Previous research has demonstrated the memory benefits of successfully answering test questions. The five experiments reported herein provide evidence for the power of tests as learning events even when the tests are unsuccessful. Participants benefited from being tested before studying a passage—a pretesting effect—although they did not answer the test questions correctly on the initial test, as compared with being allowed additional study time. Furthermore, the benefits of pretests persisted after a 1-week delay.
...
The current research suggests that tests can be valuable learning events, even if learners cannot answer test
questions correctly, as long as the tested material has educational value and is followed by instruction that provides answers to the tested questions.
I know that yields the correct answer but how do I know I should divide the expression by two from the problem statement?
You could do a couple of steps forward in solving the equations but the intuitive explanation is something along the lines of: Assuming the ball costs nothing the total comes to $1. If the total is more than that then it means that both the ball and the bat have an increased price by an equal amount. So the difference from $0 of the ball is going to be half the difference between the total and $1.
No you have to solve (1.10 − 1) / 2
The ‘No’ part changes it from a clever shortcut to just being wrong. You having a more finely tuned mathematical intuition doesn’t invalidate the rudimentary simultaneous equation.
I know that yields the correct answer but how do I know I should divide the expression by two from the problem statement?
You could just go at it the other way. Guess-and-check is one of the basic math strategies taught in schools, and is easy to apply to these questions:
‘I need something to answer this… 0.10 sounds good, but let’s check it first. 1+0.1 means the bat costs 1.10, and 1.10+0.10 = 1.2 - what a minute, that’s not 1.10! I better try some other values—I guess this isn’t so obvious after all!’
Right.
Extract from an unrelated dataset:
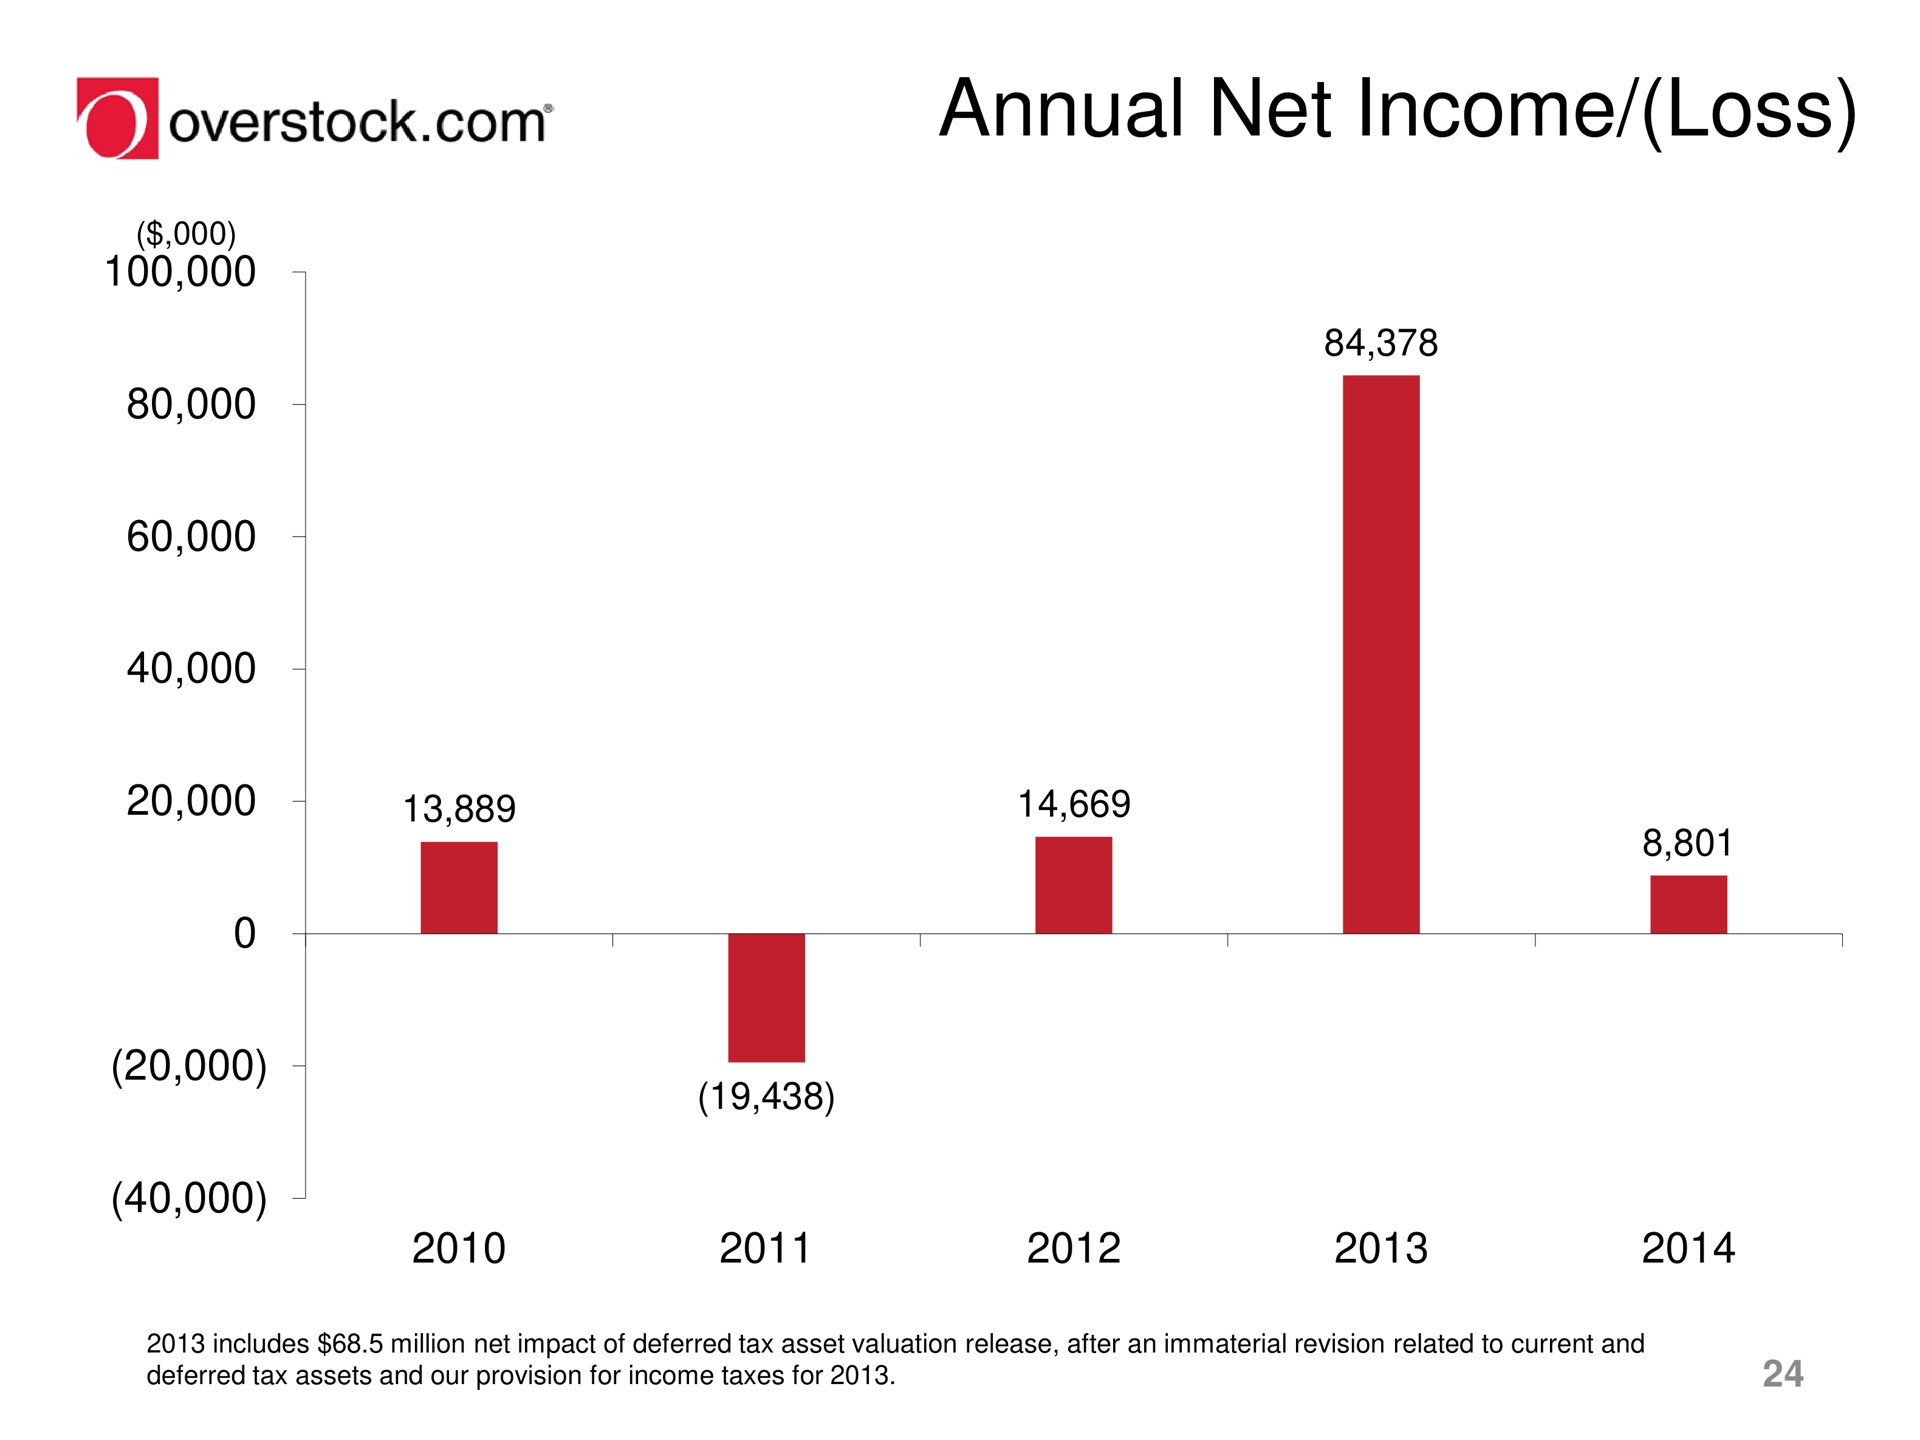 annual net income loss overstock a a i | Overstock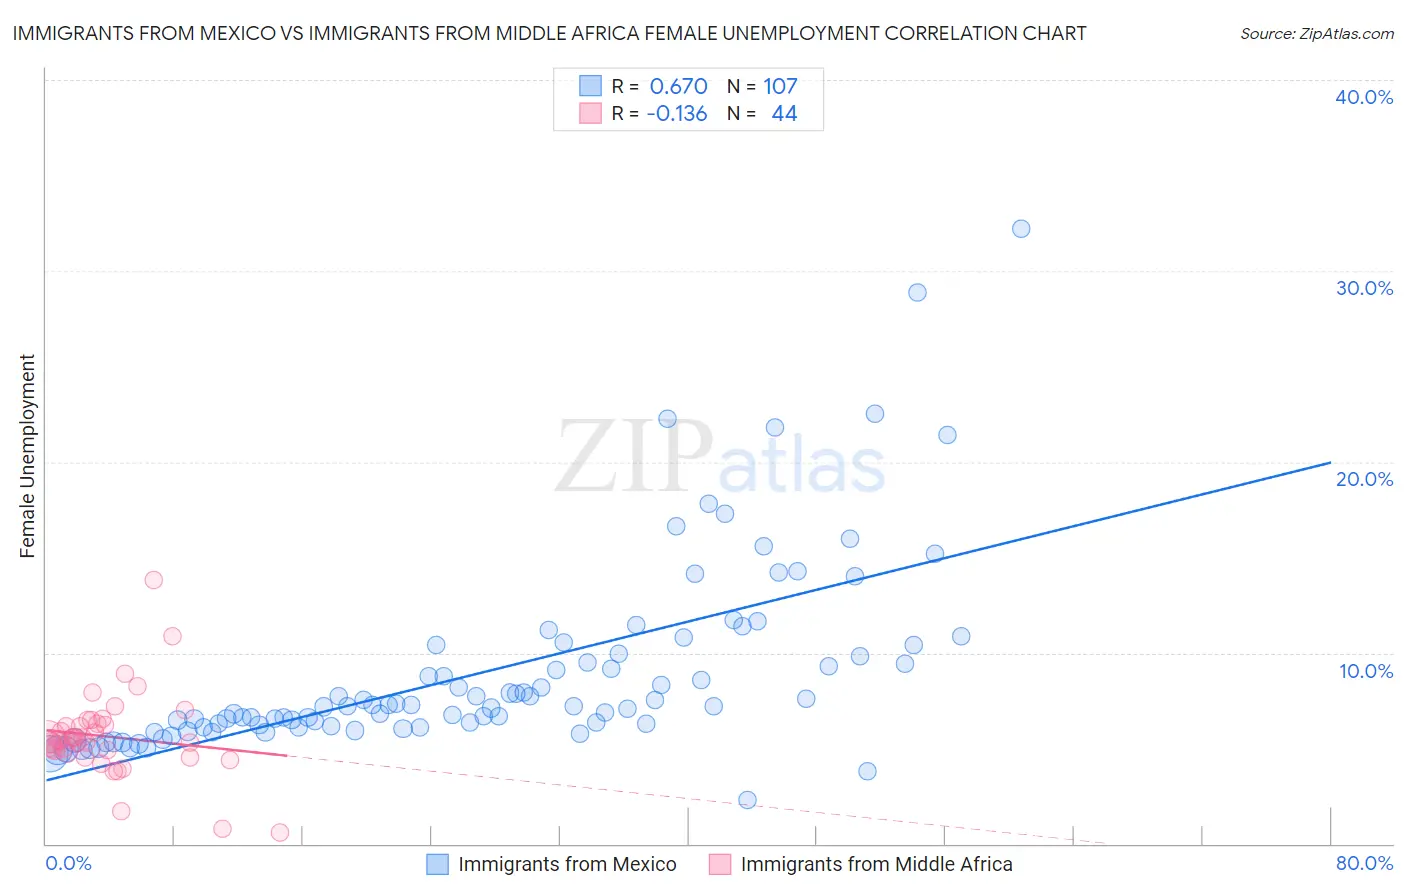 Immigrants from Mexico vs Immigrants from Middle Africa Female Unemployment

I know how to get to a right answer but didn’t understand Tordmor’s expression.
Starting with
bat + ball = 1.10
bat = 1 + ball
substitute one into the other to eliminate it
1 + ball + ball = 1.10
simplify
1 + 2 ball = 1.10
then solve for ball
ball = (1.10 − 1)/2
then compute
ball = 0.05
This is literally how I would solve this problem. So you can see why I’m surprised people can answer it correctly on the fly.
The way it went in my head:
Huh, that’s obvious, it’s 1. Oh wait, ‘more than.’ So it’s half the remaining .10.
(Although I would say it took less time than reading that sentence takes.)
It’d be interesting if getting the wrong answer first is the quickest method of getting the right answer.
I recently read something like this, though I can’t remember where. The experiment went roughly like so:
Subjects were divided into two groups. In one, each subject was given 15 seconds to memorize an answer to a question for several seconds, and their performance recalling the answer later was recorded. In the other, each was asked to guess the answer, and was then given 7 or 8 or so seconds to memorize the correct answer. The time difference was to account for the time during which the second group’s members thought about the question.
So each person was exposed to the question for 15 seconds, in the first group, they were exposed to the answer for those same 15 seconds, in the second group, for half that.
The second group was better at recalling the answers.
I found a set of five experiments similar to the one I described. Getting the wrong answer first appears to be a good method to get to the right answer.
I get it, thanks!
You could do a couple of steps forward in solving the equations but the intuitive explanation is something along the lines of: Assuming the ball costs nothing the total comes to $1. If the total is more than that then it means that both the ball and the bat have an increased price by an equal amount. So the difference from $0 of the ball is going to be half the difference between the total and $1.